Buckner Brothers, 4th of July, Aska Rocks, Kestrels

We’re back to more seasonal temperatures, which is a relief.

The Buckner Brothers, my favorite local band, is playing in the Downtown Blue Ridge park from noon until 2:00 pm on the Fourth. They’re blues, soul, and some classic rock covers. They do Van Morrison particularly well, and if Carle Vickers, their reed player, is along, I’ll be in “hear every note” mode.

The fireworks in downtown McCaysville/Copperhill are scheduled for July 3.

The traditional celebration in Epworth starts with a Pancake Breakfast from 8:00-10:30 am at the Old Epworth Elementary School, with activities continuing until 2:00 pm.

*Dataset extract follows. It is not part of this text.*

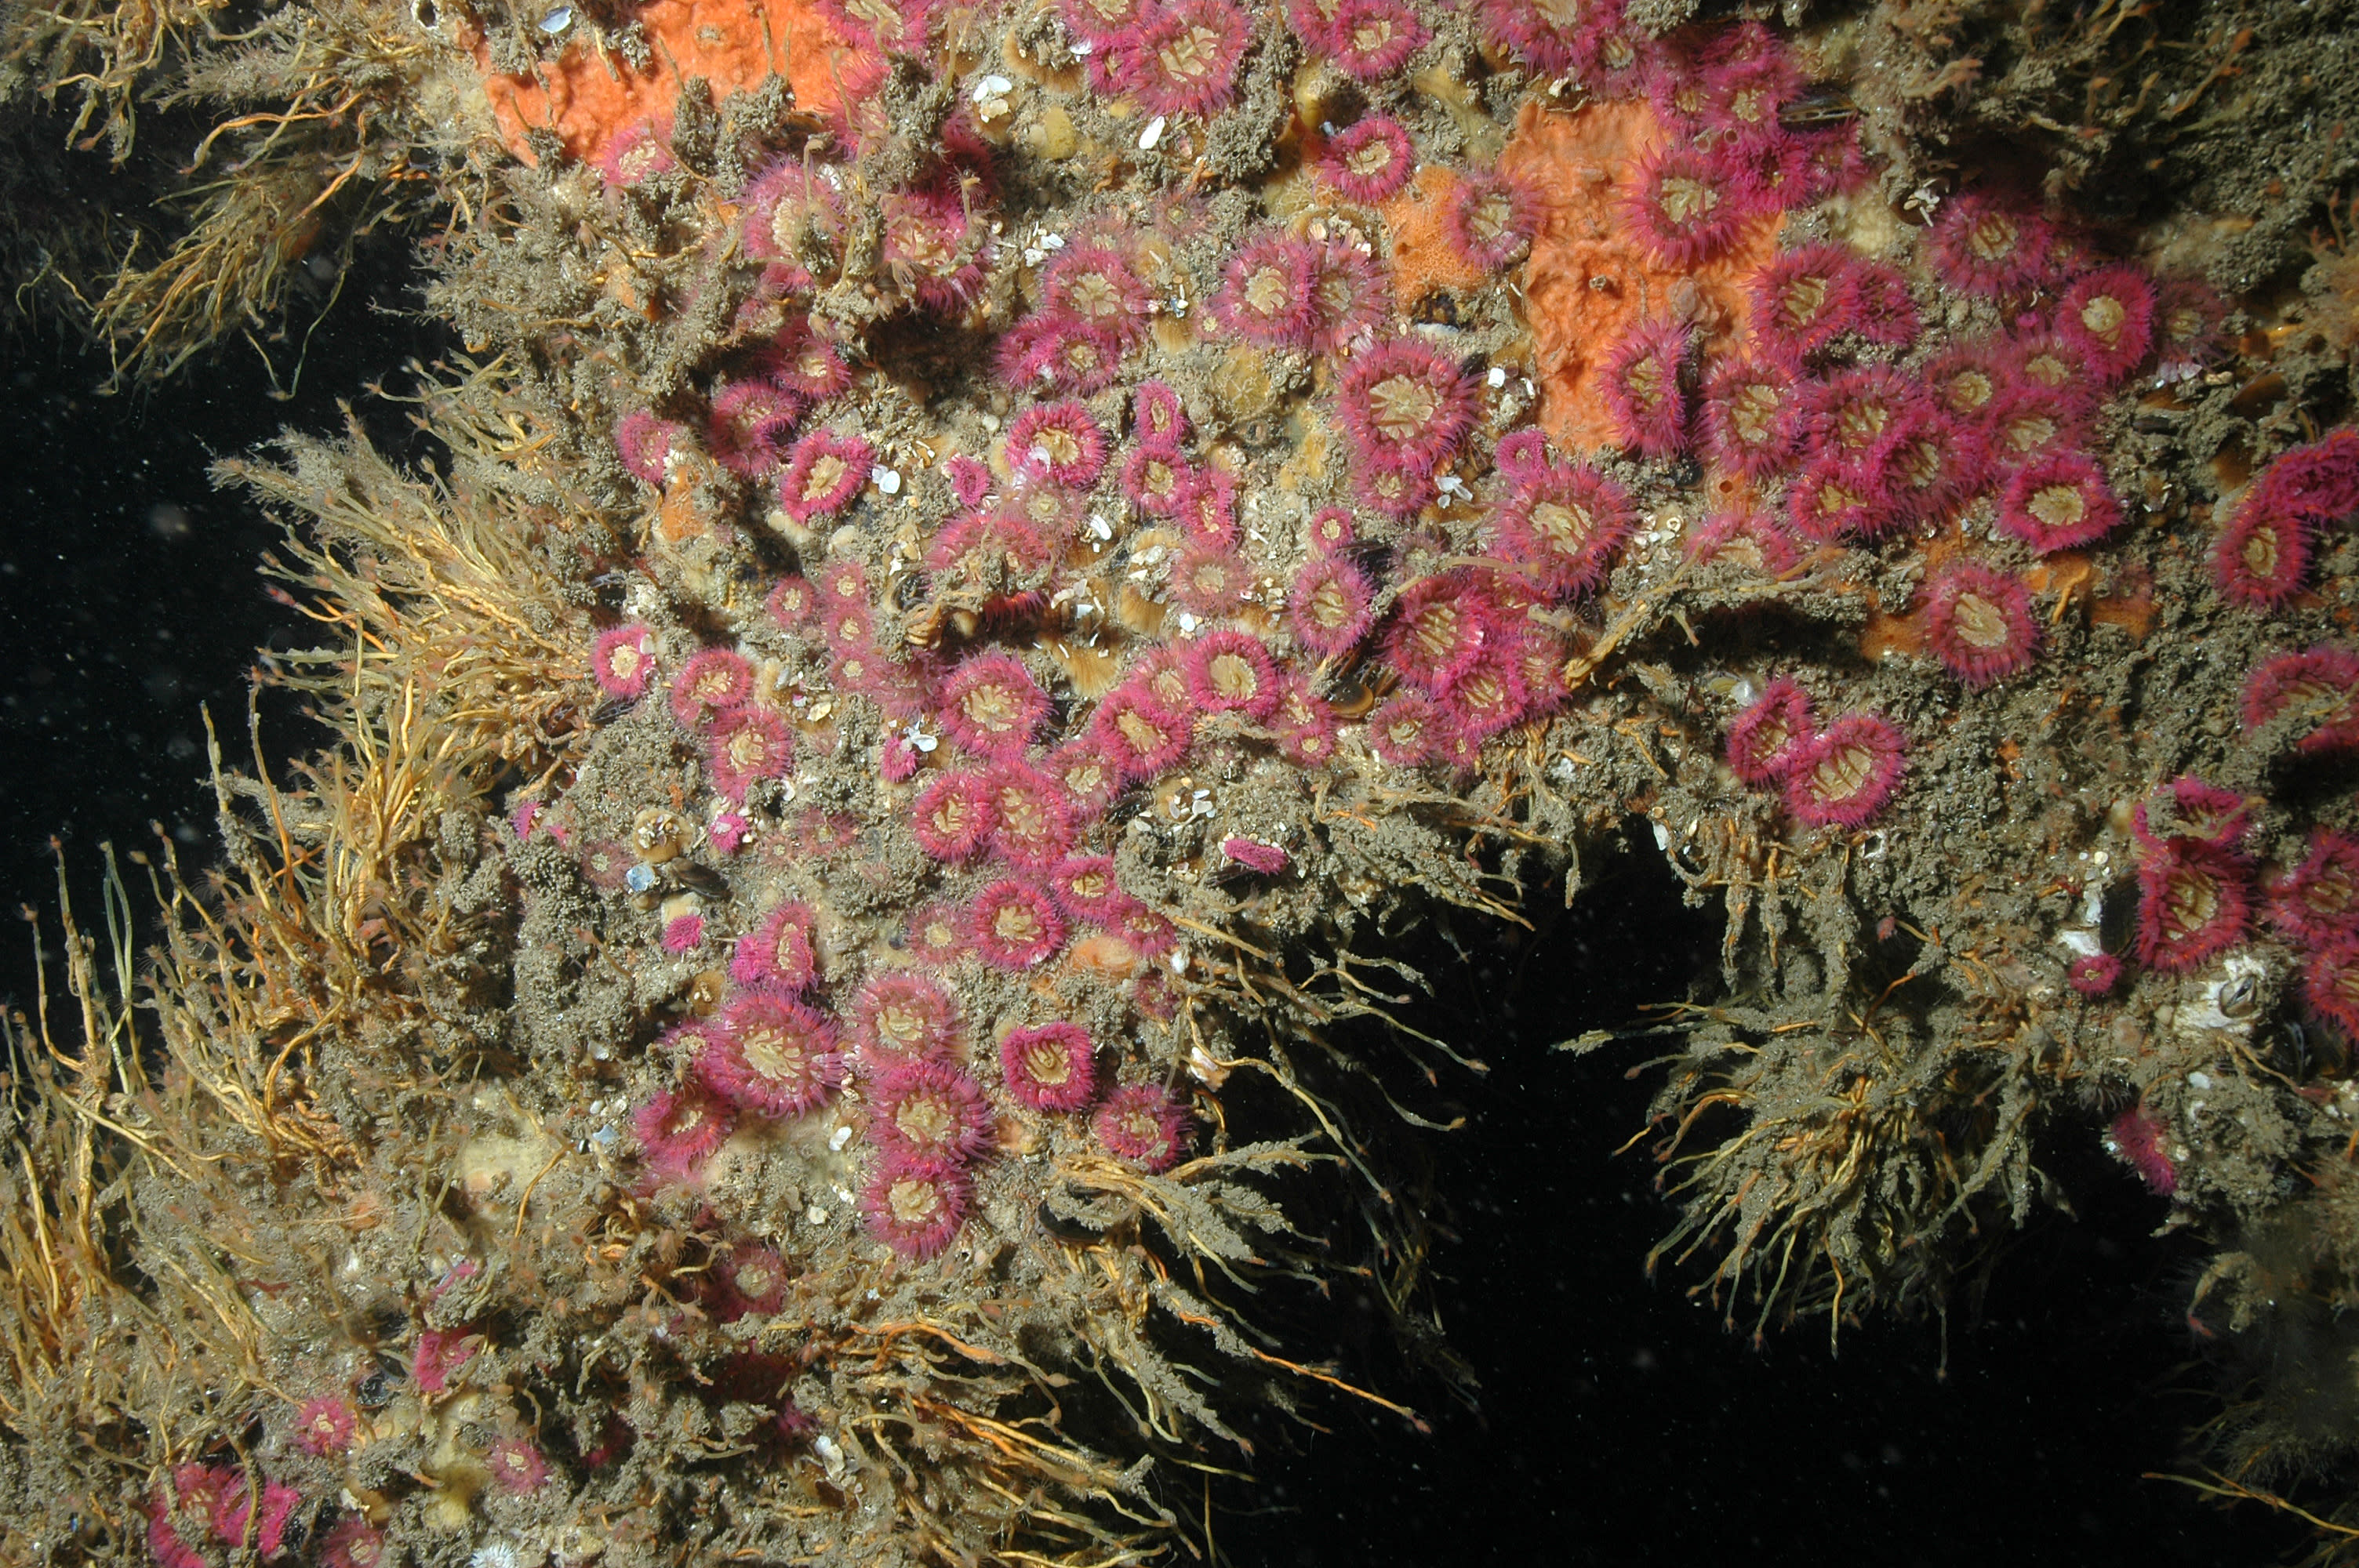 Sea anemones on rocky areas

The parade in downtown Blue Ridge begins at 10:00 am, as does barbecue at the marina. Music starts at 4:00 pm at the marina, and fireworks are at dusk. In my opinion, the best place to watch is Morganton Point, but you need to be there early. Bring lawn chairs and snacks.

The “Lady on the Rocks,” as she styled herself, has lost the court case over possession of the Aska Rocks, also known as the Aska Rapids. This is out Aska Road, shortly after the road comes down to the river. When the river takes a sharp bend, that’s the spot. This is good news for swimmers, canoe people, and kayakers, as this is a favorite take out point. I suppose you could also access the lake from there, as long as you knew where you were going to take out. It may be unfair to the lady, but it’s a fact that Fannin County needs more public access to the river. By the way, there’s a pretty serious drop in the river channel there, depending on the strength of the stream flow. It isn’t all that high, but I wouldn’t want to go over it without a helmet and a life jacket, as the current has a tendency to take you toward the rock wall, fast. I’ve seen canoes caught in the suck below the drop.

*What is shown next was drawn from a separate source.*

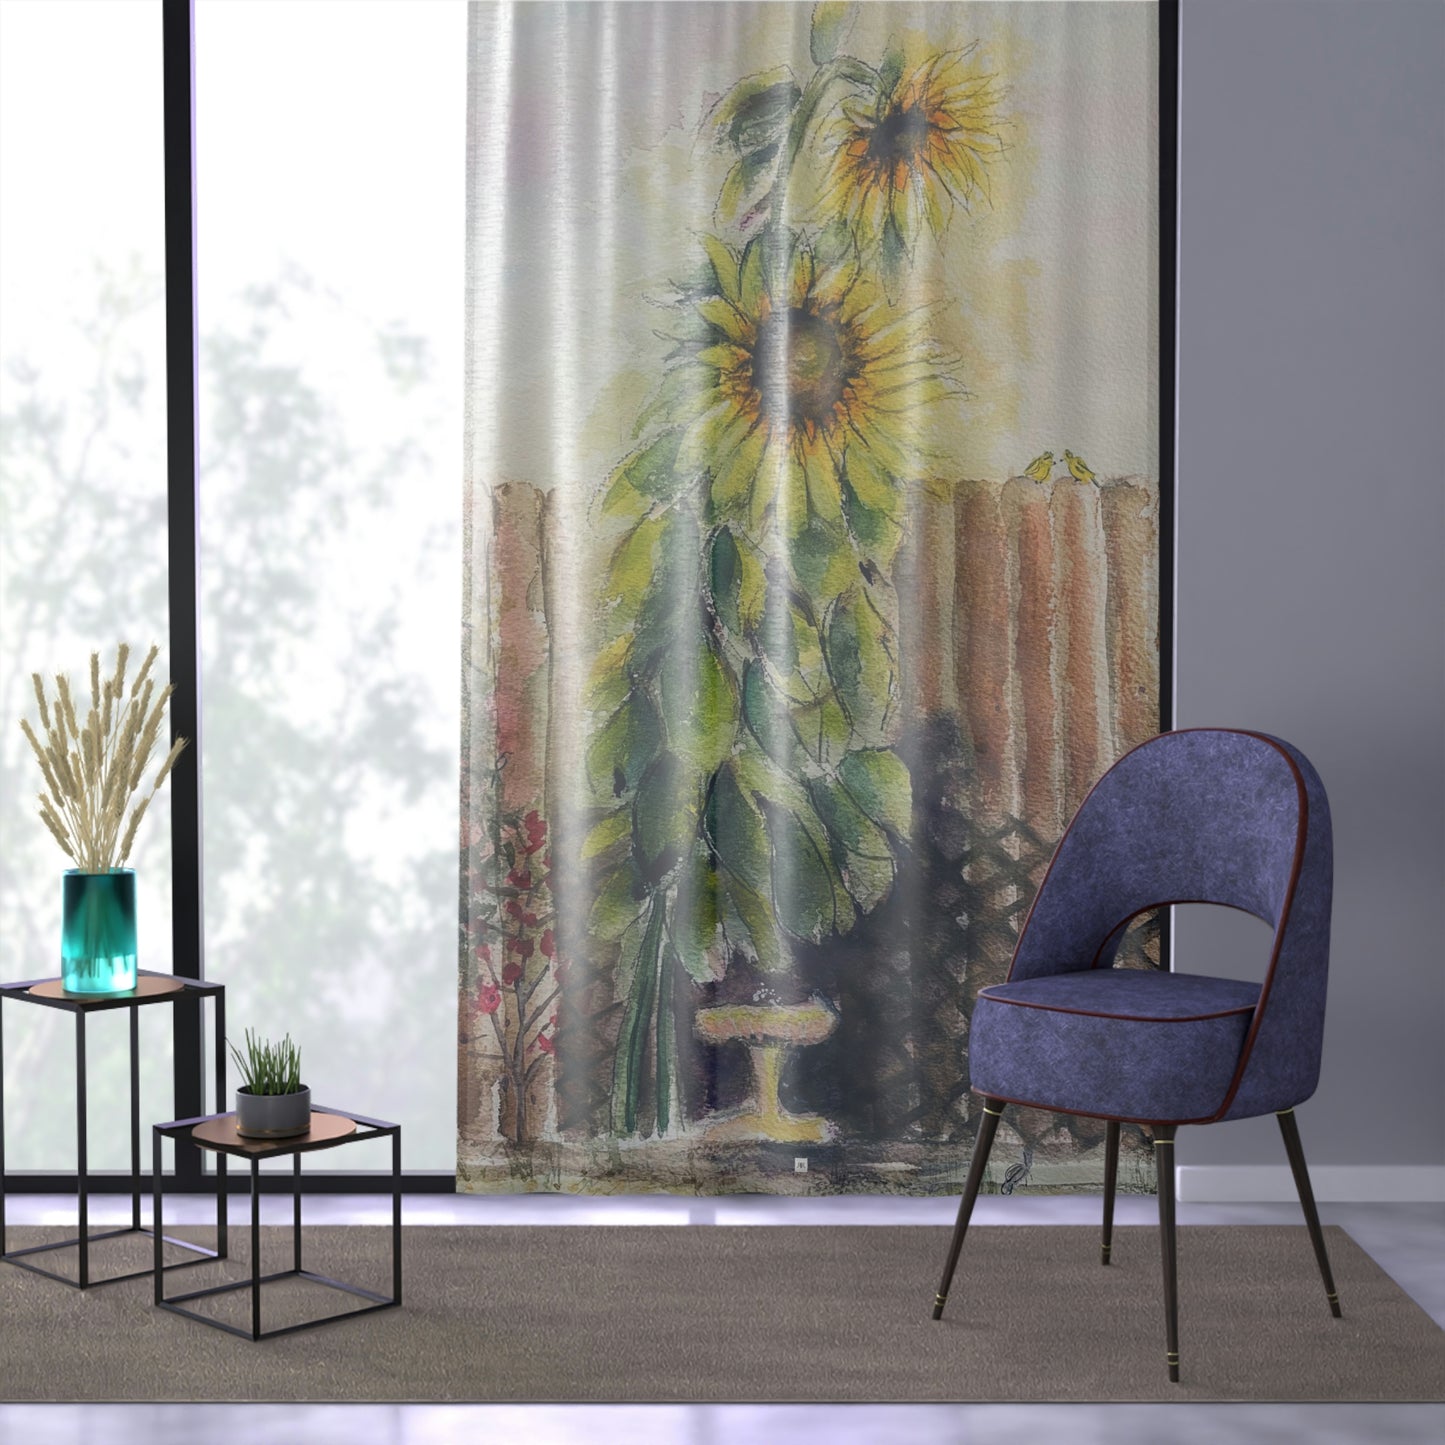 Mammoth Sunflowers 84 x 50 inch Sheer Window Curtain

There’s an interesting article on Kestrels, which were once called “sparrow hawks” because their markings resemble a sparrow’s. It is estimated that they have declined 80% in the past fifty years, due primarily to the loss of nesting cavities. The largest breeding population is along some power lines owned by Georgia Power between Tifton and Albany, where they favored the hollow cross arms installed some time ago. These are being replaced, but Georgia Power has been setting nest boxes to compensate, with the result that the breeding population has increased along this line some 17% annually, to 302 nesting pairs.